Le pouvoir, même si les mouvements sociaux actuels ne l’inquiètent pas trop, craint cependant l’explosion possible d’une colère sociale à venir qu’il s’agit pour lui de contrôler et de réprimer. C’est sans doute une des raisons de l’inflation législative sécuritaire de la fin de l’année 2020 et du début 2021 : les projets de loi tels que celui de la sécurité globale, celui « confortant les principes républicains » (ex-contre les séparatismes), les trois décrets élargissant le fichage politique, le Livre blanc de la sécurité intérieure. Quant au « Beauvau de la Sécurité », énième pseudo débat public ouvert le 25 janvier, il est destiné à dégonfler les accusations contre la police et à allumer un contre-feu qui prenne en compte les colères des policiers, dont une frange de plus en plus importante se radicalise vers l’extrême droite. Macron déclarait, lors de l’annonce du « Beauvau », « la France tient par sa police et sa gendarmerie […] nous leur devons soutien et protection ». D’où une relative critique du bout des lèvres à l’encontre des violences policières et de leur généralisation -que la médiatisation rend plus palpables- par une aile “socialisante ou humaniste” qui souhaiterait une réforme et une normalisation de la police, parlant de “dérives”,”excès” ou “bavures sans remise en cause de la fonction de cette institution : réprimer et être, avec l’armée, un rempart essentiel pour protéger l’Etat, voué depuis toujours au service et à la défense des intérêts des classes dominantes.

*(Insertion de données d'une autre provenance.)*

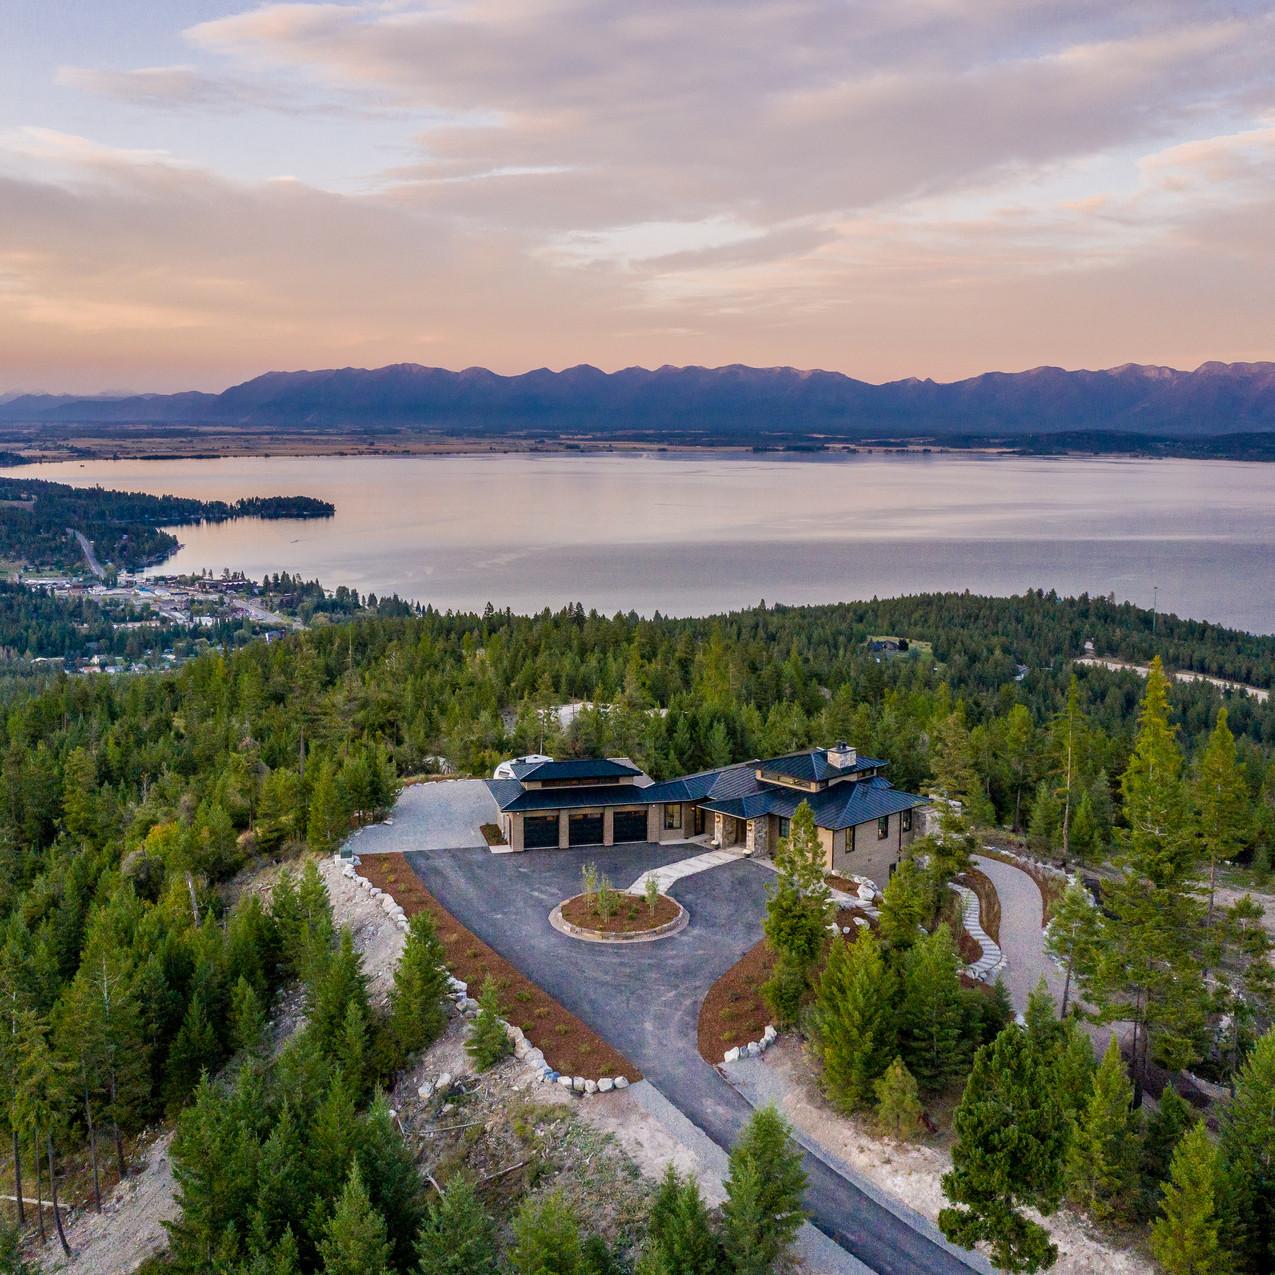 Stemberg Aerial Lake View 3

Tandis que l’on nous prépare à un troisième confinement, il s’agit de ne pas laisser la sinistrose ambiante borner nos capacités à nous projeter dans l’avenir. Une piste est de tenter de nourrir et de stimuler les besoins d’échanges et d’actions collectives, d’activer les imaginations et les désirs de se réapproprier sa vie, qui non seulement ne sont pas éteints mais semblent au contraire rendus plus vivaces suite aux confinements et aux contraintes imposés. La politisation (en particulier, tenter de répondre aux questions de quel type de société on ne veut pas et quel type de société on veut) peut se jouer partout, dans des groupes formés sur les lieux d’études et de travail, et dans les quartiers ou villages, car il y a un besoin manifeste de rencontres, d’échanges et d’actions contre l’autoritarisme et le capitalisme. Il est important de retisser du lien entre les salarié.es et entre les habitant.es, de recréer du collectif pour dégager des perspectives de lutte, en insistant sur les repères fondamentaux que sont les questions de classe.

Ne laissons pas les rues et les places se covider

L’éparpillement des appels à mobilisation, sectoriels et pour une journée, par les centrales syndicales est plus que jamais à l’ordre du jour. Et l’éparpillement des forces aussi : petits commerçants et artisans de leur côté, professionnels et intermittent.es du spectacle du leur, défendant eux.elles aussi des intérêts particuliers sans mettre en avant une lutte de classes dans leur milieu…  ! Il faudra aller au-delà de quelques journées de grèves ou d’actions pour mettre en échec la politique du patronat et du gouvernement et plus largement pour en finir avec la mainmise des capitalistes sur la société. Certes, faire grève est et restera très difficile dans le contexte actuel, mais les manifestations reprennent et reprendront, la rue restant une solution.

Ce que nous pouvons espérer, c’est que dans la continuité des combats récents, de nombreuses personnes, dont des jeunes, ont acquis une expérience dans la lutte au-delà des seul.e.s militant.e.s : celles et ceux qui se mobilisent apprennent sur le terrain, par eux.elles-mêmes, à faire de la politique avec leurs propres armes sans rien attendre des appareils et des jeux parlementaires, des magouilles électorales politiciennes. Ces expériences de lutte sont comme des braises encore chaudes capables d’alimenter un nouveau feu.